Лицо Сальво бледнеет. Он резко отпускает меня и делает шаг назад, его черты искажаются от смущения и недоверия. Это длится всего секунду, потому что, так же быстро, как и прежде, его поведение меняется. Раскаяние и, как я могу предположить, стыд переполняют его лицо, пока он проводит руками по волосам.

— Мне… мне так жаль, Зара. Я понятия не имел, и я позволил эмоциям взять верх надо мной. Я… я причинил тебе боль?

— Немного, — бормочу я, потирая нежную кожу запястья.

— Пожалуйста, прости меня. То, что я сделал… и то, что я сказал, непростительно. Ты же меня знаешь. Обычно я не такой. Просто… я так долго любил тебя издалека, что просто потерял рассудок на мгновение. Можем ли мы, пожалуйста, притвориться, что этого никогда не было?
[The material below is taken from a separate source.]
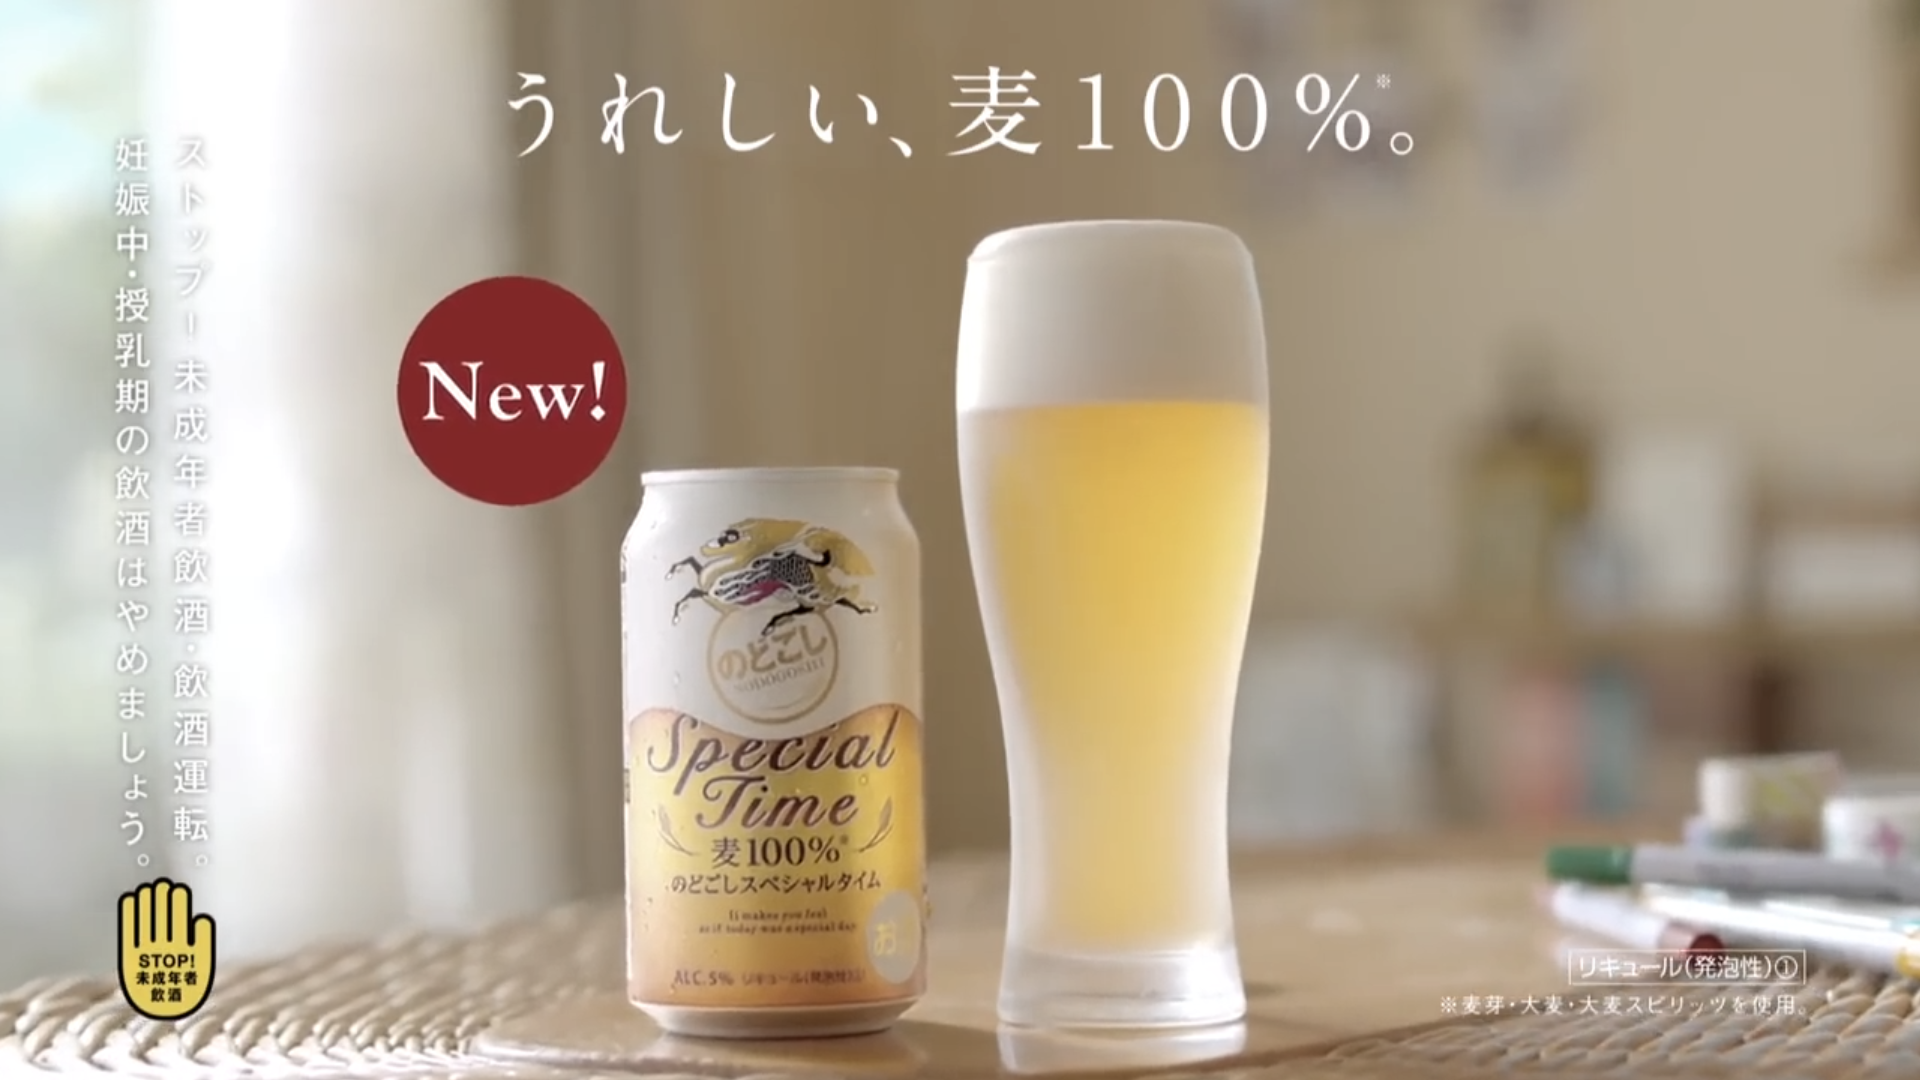 日本波瑠在家中哼著歌扭著腰地拿啤酒广告

Я приподнимаю бровь, но молчу.

— Клянусь, я больше никогда не выскажу тебе своих чувств. Можем ли мы просто сохранить все это — включая мое признание — между нами? Сейчас для Семьи очень сложный период, а Массимо, конечно, мой друг. Я хочу и дальше помогать ему в достижении всех его целей, но если он узнает об этом, он мне не позволит

Он звучит искренне. И действительно просит прощения. Однако крупица сомнения внутри меня предупреждает, что его внешнее раскаяние скрывает какие-то непрозрачные, глубоко укоренившиеся чувства.

— Хорошо. — Единственная причина, по которой я соглашаюсь на просьбу Сальво, заключается в том, что я уверена, что Массимо не воспримет это хорошо, если услышит об этом. А ему нужна любая поддержка. В том числе и поддержка Сальво. — Только тронь меня еще раз, и я познакомлю тебя со своими любимыми ножницами. Ты понял, о чем я?

Чтобы убедиться, что он понял, что я имею в виду, я хватаю ножницы со стола и направляю на него острие, как кинжал.

Сальво моргает, в его глазах вспыхивает удивление. Он наклоняет голову и смотрит на меня так, словно видит меня впервые.

— В тебе есть больше, чем ты когда-либо показывала, Зара Веронезе.

Его тон странный — смесь восхищения и недовольства.

— Это касается большинства людей, Сальво.

— Думаю, так и есть. — Он уважительно кивает мне и выходит из библиотеки, оставляя меня с легким предчувствием, от которого у меня на шее встают дыбом все тонкие волоски.

Запах ржавчины проникает в мои ноздри, пока я бреду между рядами старых разбитых машин, заливая рот гребаной кислотой. Вонь, к которой я привык в тюрьме. Если бы у меня был выбор, я бы никогда не приблизился к еще одному куску ржавого дерьма. Мне просто повезло, что Каморра предпочитает проводить встречи на своей свалке. Место удаленное, и тот факт, что вокруг нет ничего, делает это место идеальным, если встреча пойдет не так. А с Каморрой это случается довольно часто.

Все они — кучка варваров-падальщиков.

Аналогия с животными на самом деле вполне уместна. Не только для Каморры, но и для остальных подпольных синдикатов.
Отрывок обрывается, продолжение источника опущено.